Write down the listing again exactly as it appears below, without its pictures.

PROVIDED MATERIAL:
- - - - -

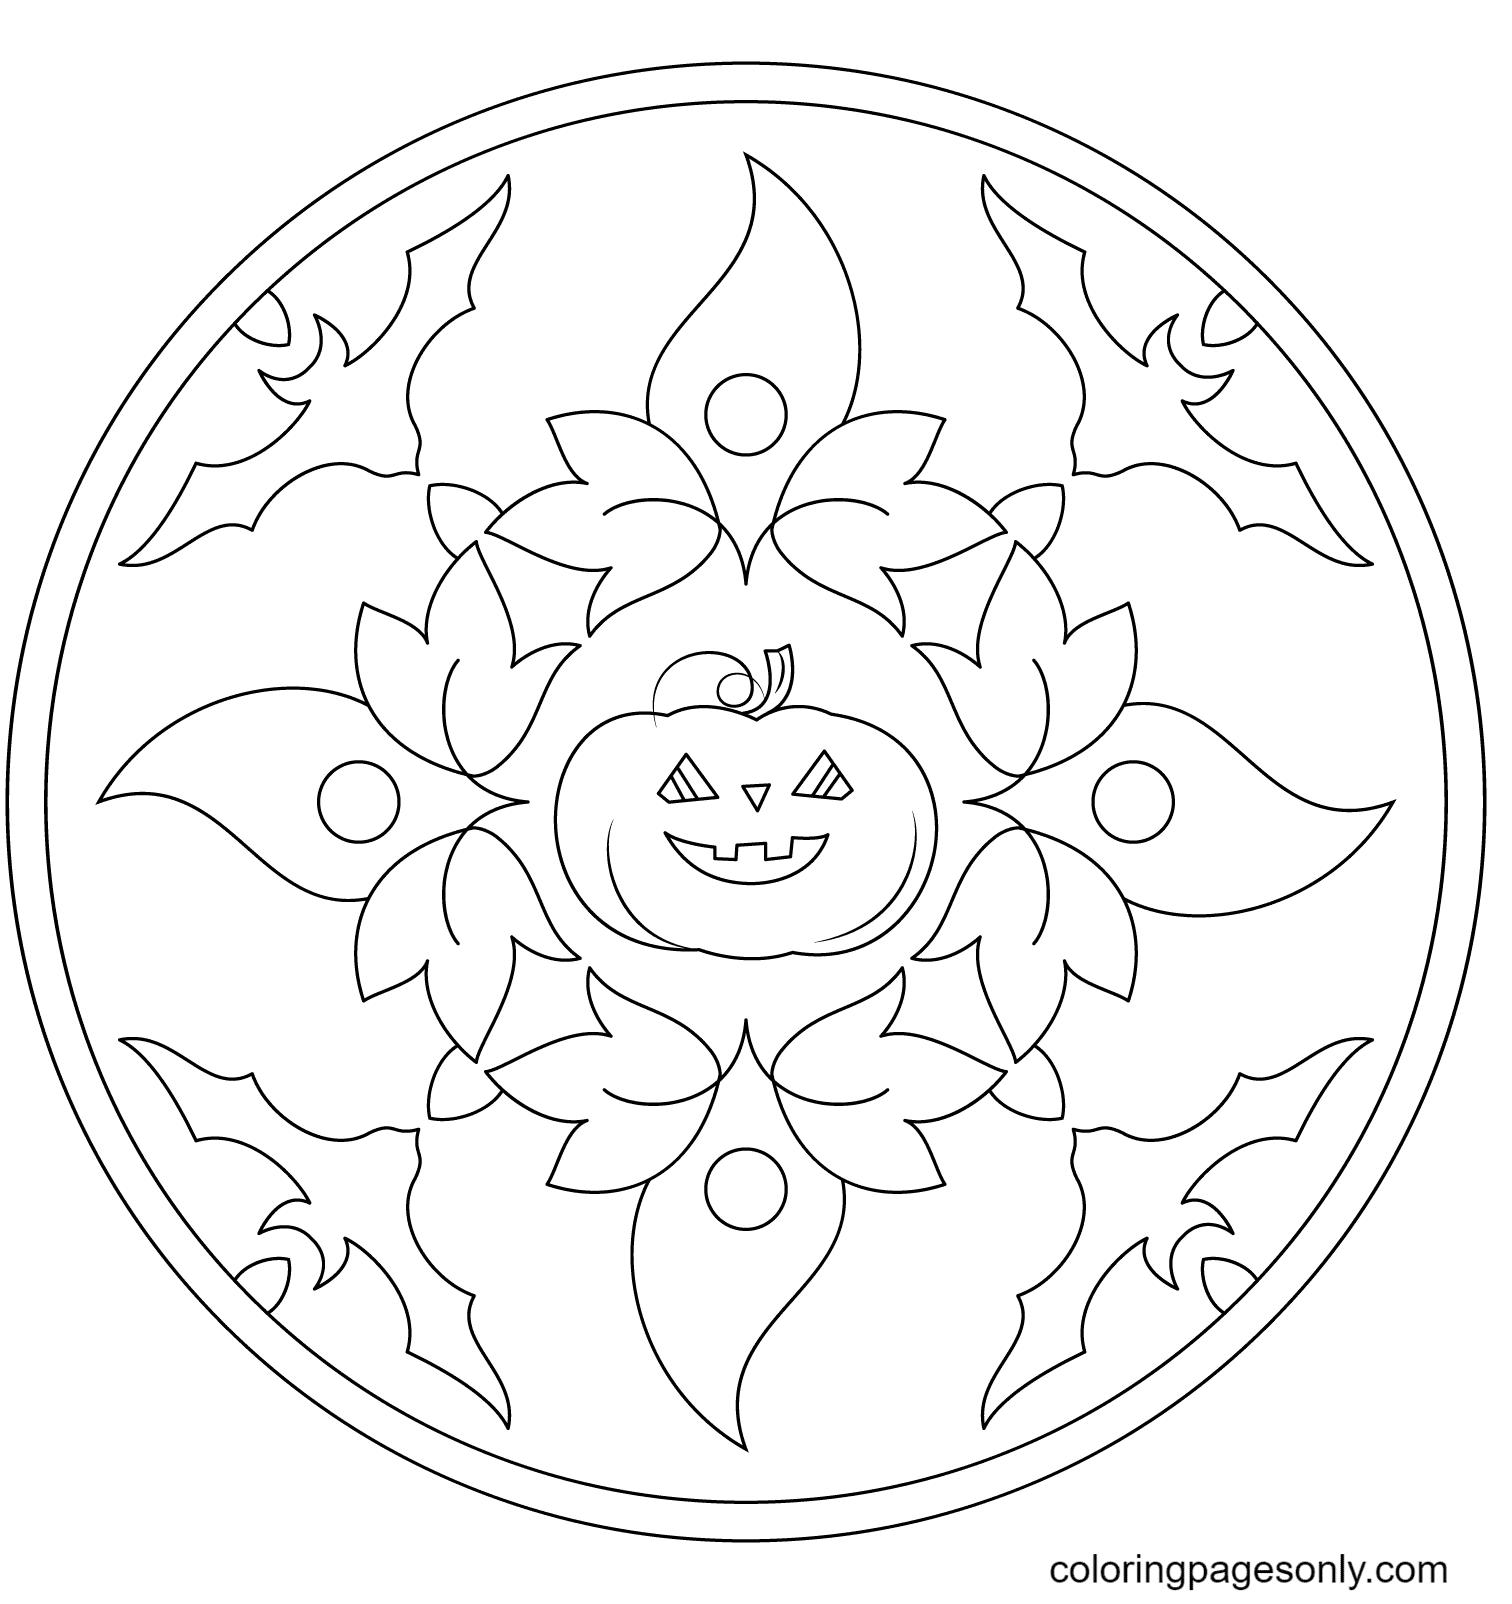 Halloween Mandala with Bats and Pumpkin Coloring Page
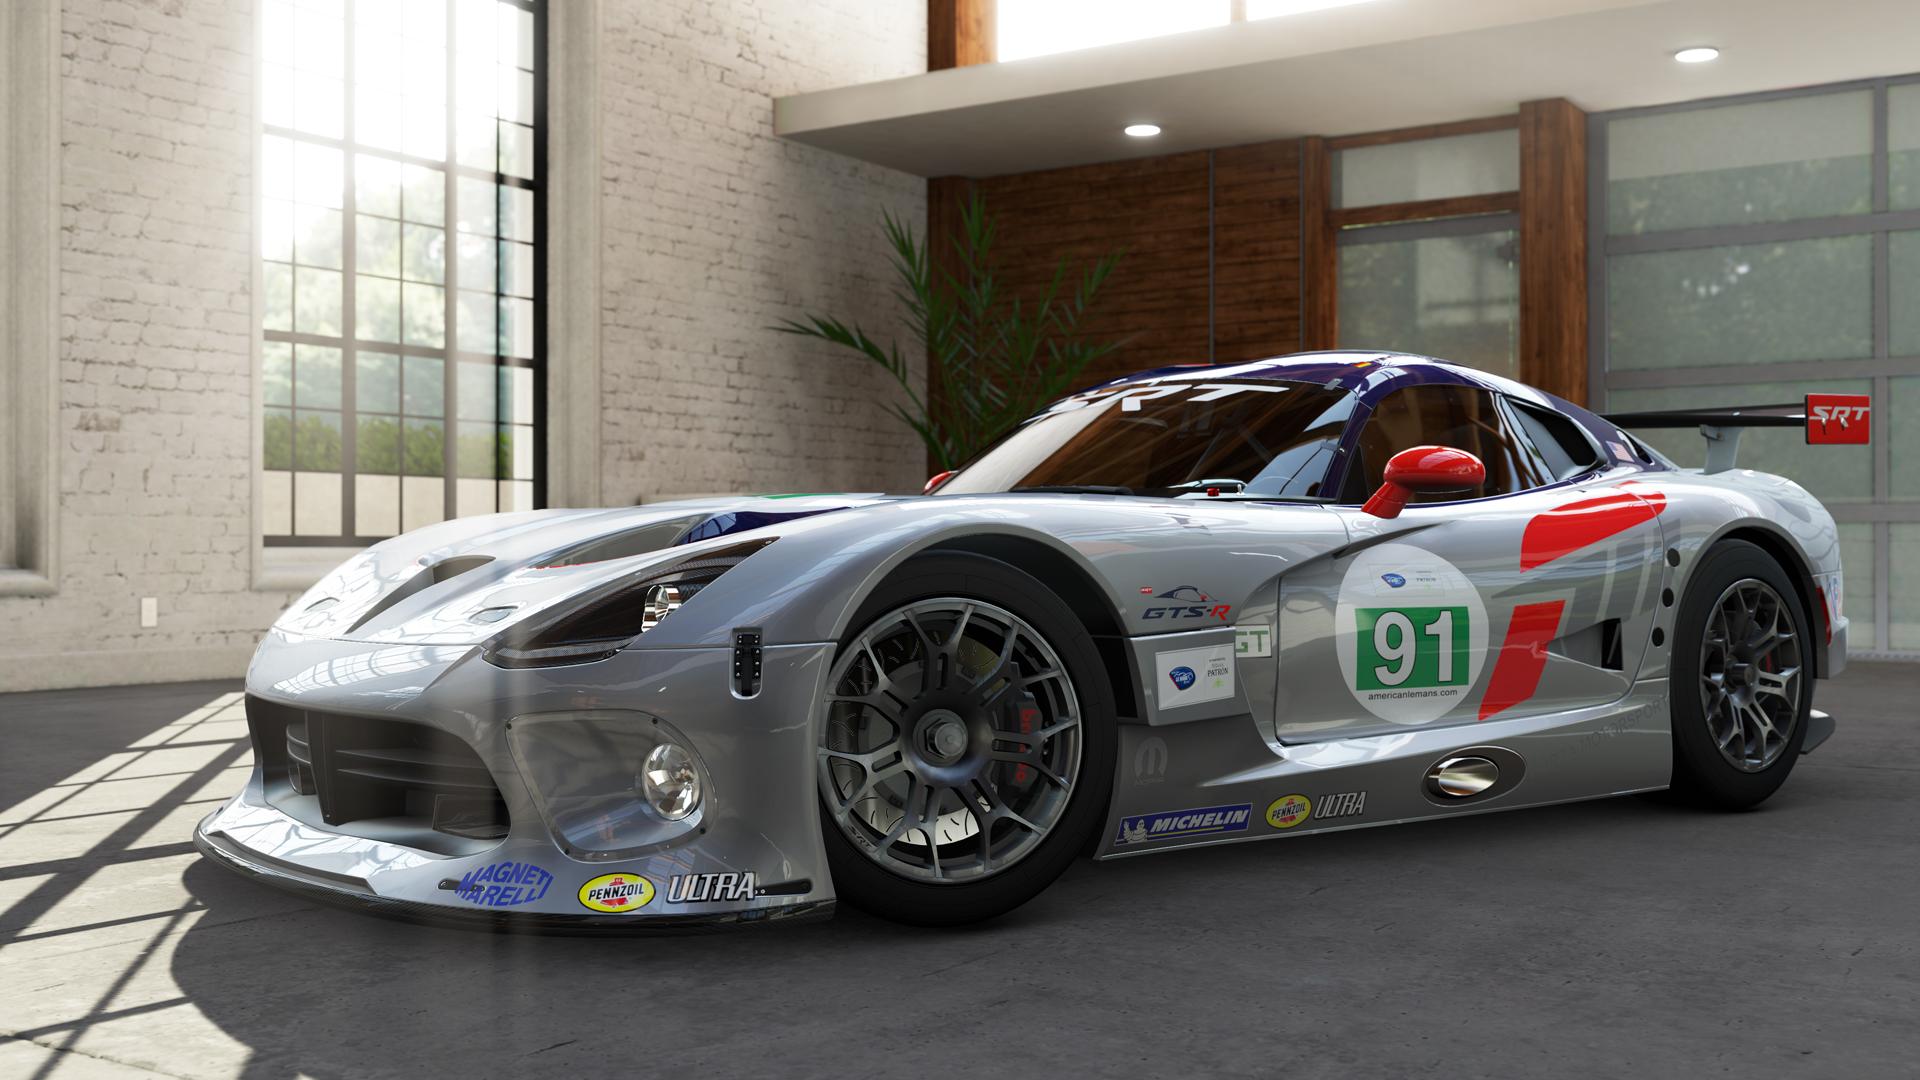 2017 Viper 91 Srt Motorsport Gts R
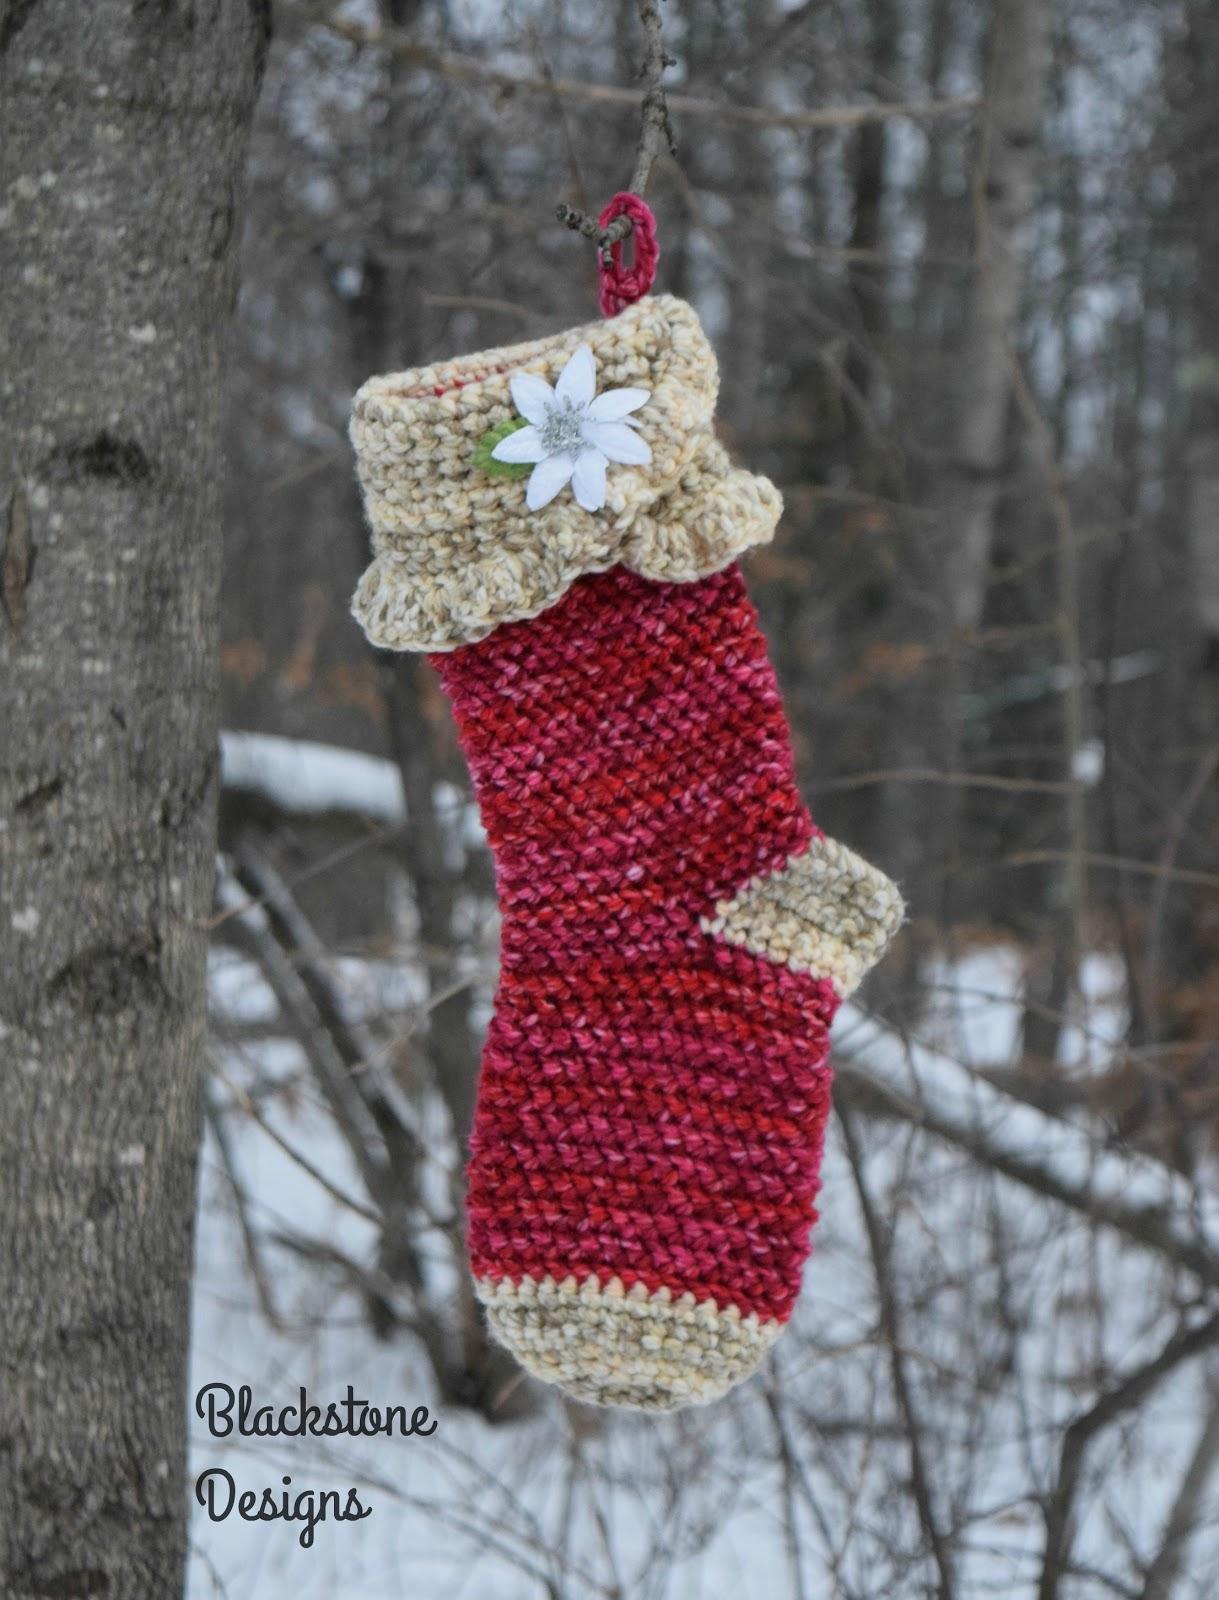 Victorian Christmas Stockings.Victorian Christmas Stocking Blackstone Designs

- - - - -

SOLUTION BELOW:
 Halloween Mandala with Bats and Pumpkin Coloring Page
 2017 Viper 91 Srt Motorsport Gts R
 Victorian Christmas Stockings.Victorian Christmas Stocking Blackstone Designs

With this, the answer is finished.